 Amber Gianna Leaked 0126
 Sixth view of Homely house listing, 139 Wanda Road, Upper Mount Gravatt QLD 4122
==
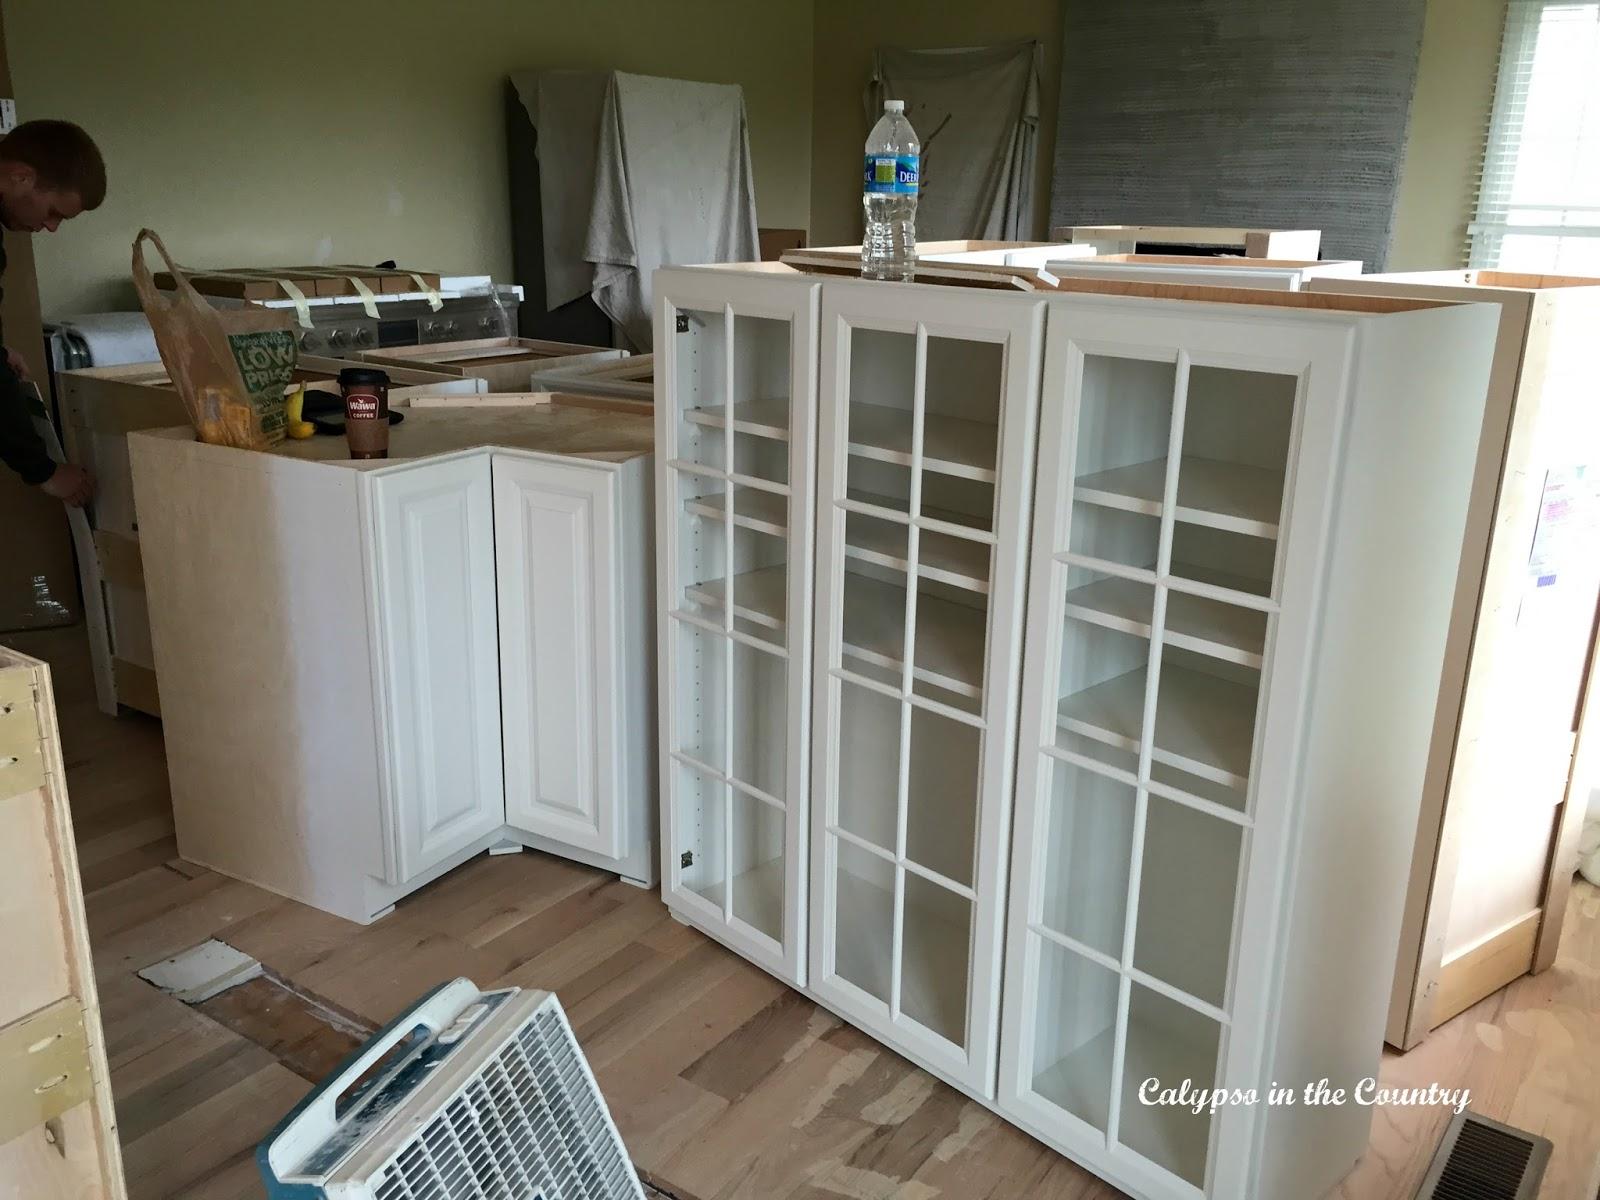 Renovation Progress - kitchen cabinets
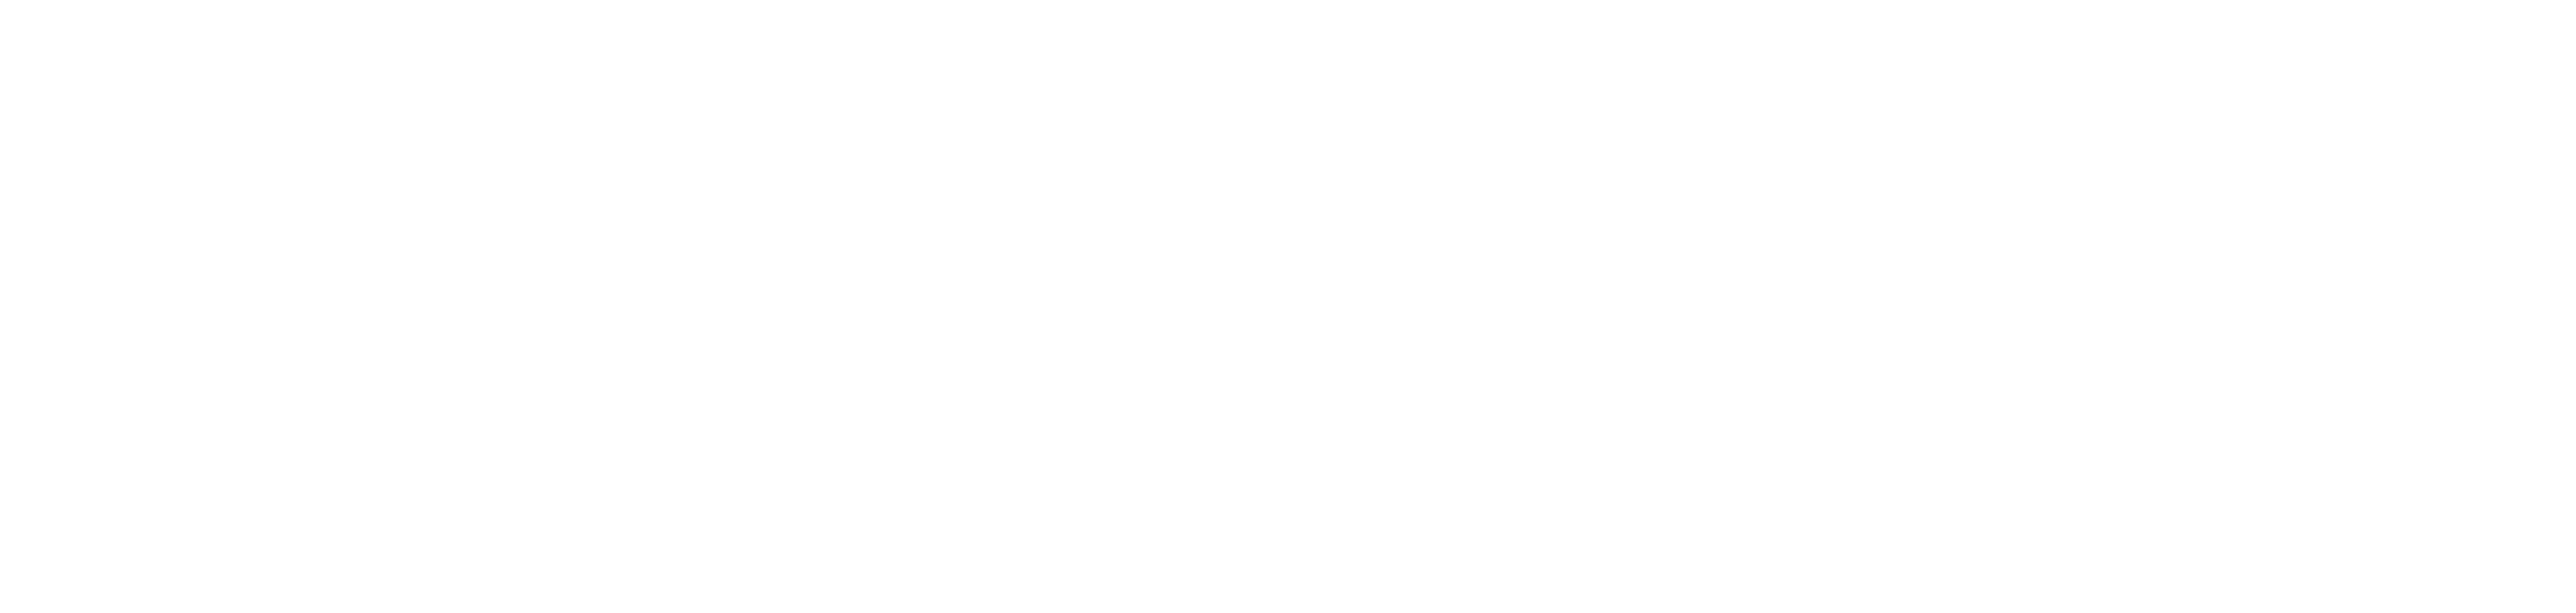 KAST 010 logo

PROBLEM TO WORK ON => All lines above from the one holding "Amber Gianna Leaked 0126" to the one holding "Sixth view of", inclusive, are to be copied exactly; no other line is wanted.

TASK SOLUTION =>
 Amber Gianna Leaked 0126
 Sixth view of Homely house listing, 139 Wanda Road, Upper Mount Gravatt QLD 4122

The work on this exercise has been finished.